This FAQ was developed collaboratively by the College of Licensed Practical Nurses of Alberta (CLPNA), the College of Registered Psychiatric Nurses of Alberta (CRPNA), and the College of Registered Nurses of Alberta (CRNA). If you have a question about the registered nurse or nurse practitioner practice: Ask our Experts a Question.

Do Aesthetic Procedures Fall Within My Scope of Nursing Practice?

The scope of practice of a nurse in Alberta is outlined in the legislative framework and is further defined by each respective regulatory body. Performing procedures that are not within a nurse’s scope of practice can result in significant professional and legal consequences. 
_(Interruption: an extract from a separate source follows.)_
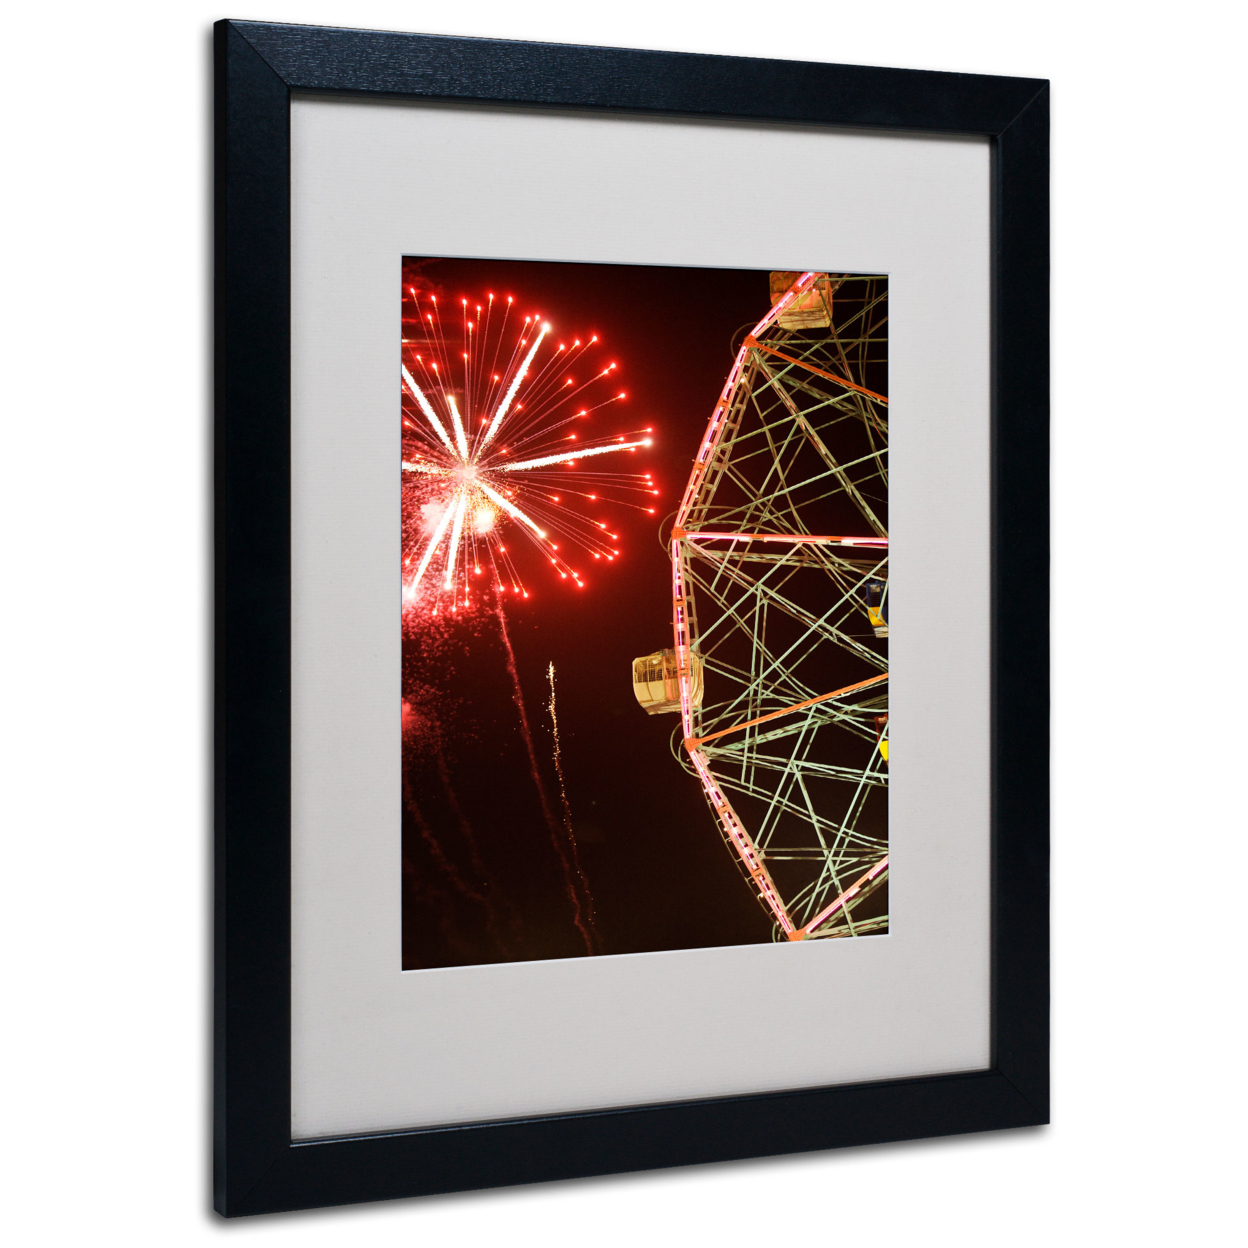 Yale Gurney 'Coney Island Fireworks' Black Wooden Framed Art 18 X 22 Inches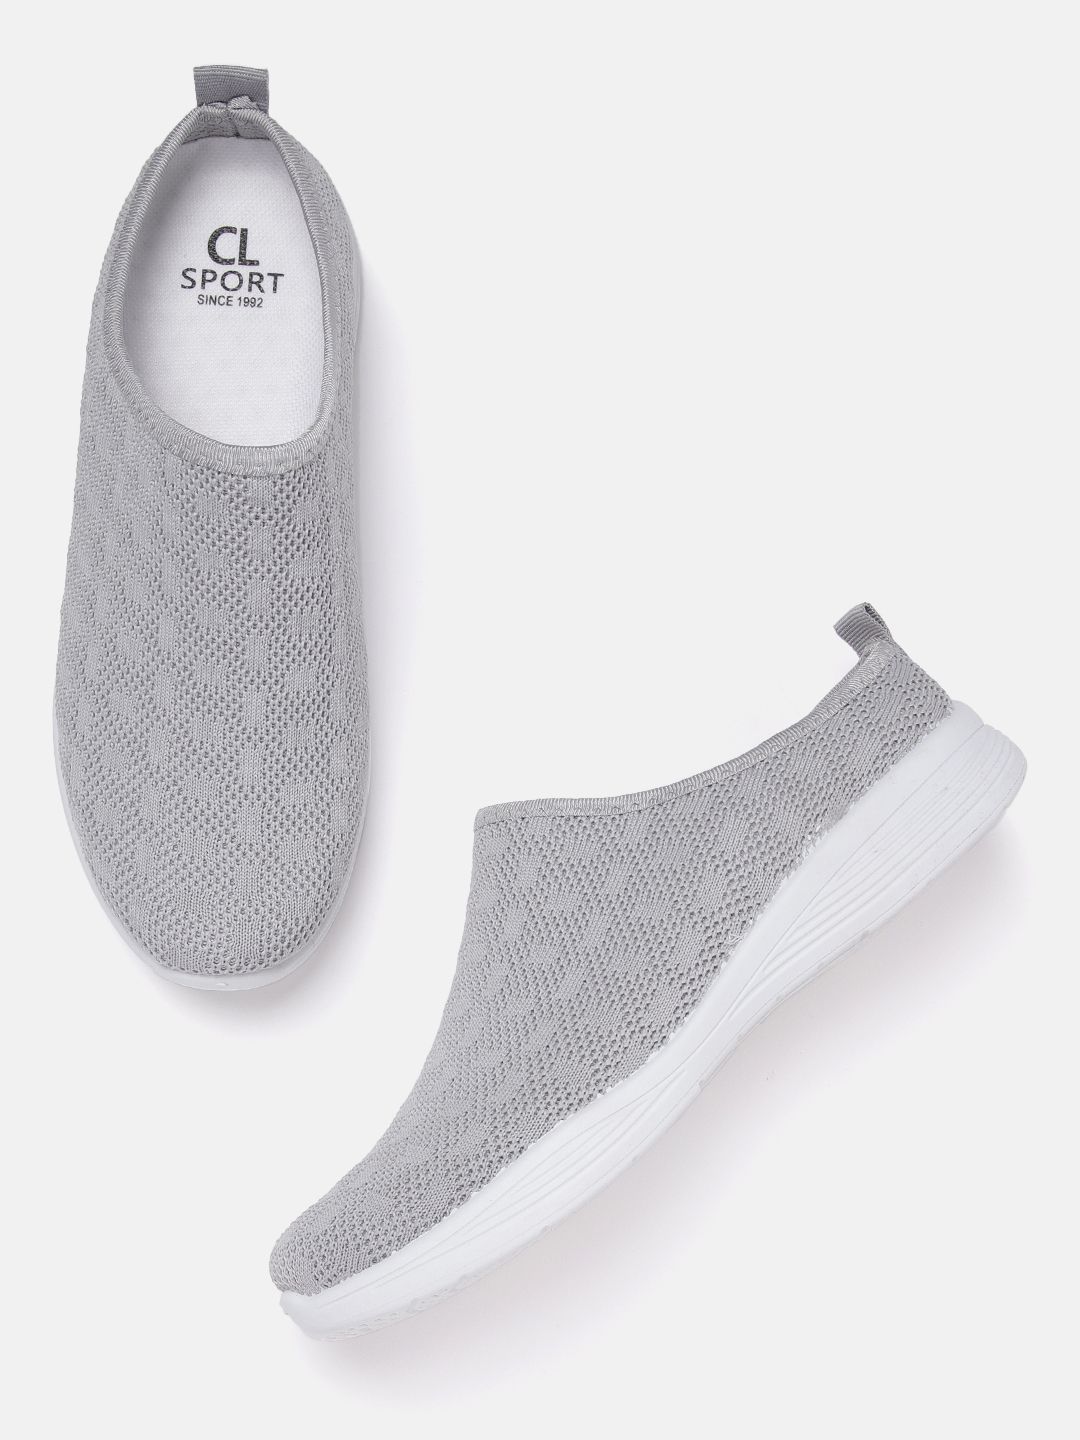 Carlton London sports Women Grey Woven Design Slip-On Sneakers Price in India

Administering neuromodulators such as Botox and dermal fillers are post entry-level competencies and are not taught in the entry to practice nursing programs. Neuromodulators require a client specific order following an initial assessment by an authorized prescriber such as a physician, dentist or nurse practitioner. As aesthetic nursing procedures pose potential risk to the client, appropriate emergency support should be readily available. 

The nurse providing an aesthetic procedure uses a skill set comprised of the following competencies: 

  • A sensitive and respectful manner of communication, a positive non-judgmental attitude, and caring behaviours. 
  • Thorough knowledge of anatomy and physiology of the skin and underlying tissue. 
  • Thorough understanding of the medications and substances to be used. 
  • Strong analytical skills and clinical competence in this practice area.
  • Provision of honest and factual counselling and advertising. 

In Alberta, RPNs, RNs and LPNs are authorized under regulation and have the education to administer medications and substances by injection. An order by an authorized prescriber is required before any nurse can administer Schedule 1 medications and/or substances (e.g., neuromodulators and dermal fillers). The nurse is responsible and accountable to have the required education and experience to carry out the order. 

In addition, the CLPNA requires that LPNs providing aesthetic nursing procedures within their defined scope of practice must have direct or indirect supervision by a physician or nurse practitioner. The physician or nurse practitioner must be trained in dermatology, on-site, and available to assist as necessary when aesthetic procedures and treatments are being performed. 

Is There a Difference Between Esthetic Procedures and Aesthetic Procedures?

Yes. Many esthetic procedures do not need to be performed by a regulated health professional (e.g., facials, waxing, piercings, tattooing including semi-permanent makeup). These would not fall within the definition of nursing or health services but are included in the Personal Services Regulation under the Public Health Act. The individual performing these personal services could not use the protected title “nurse” and these hours would not qualify as practice hours. 

Do I Need Further Education to Provide Aesthetic Procedures?  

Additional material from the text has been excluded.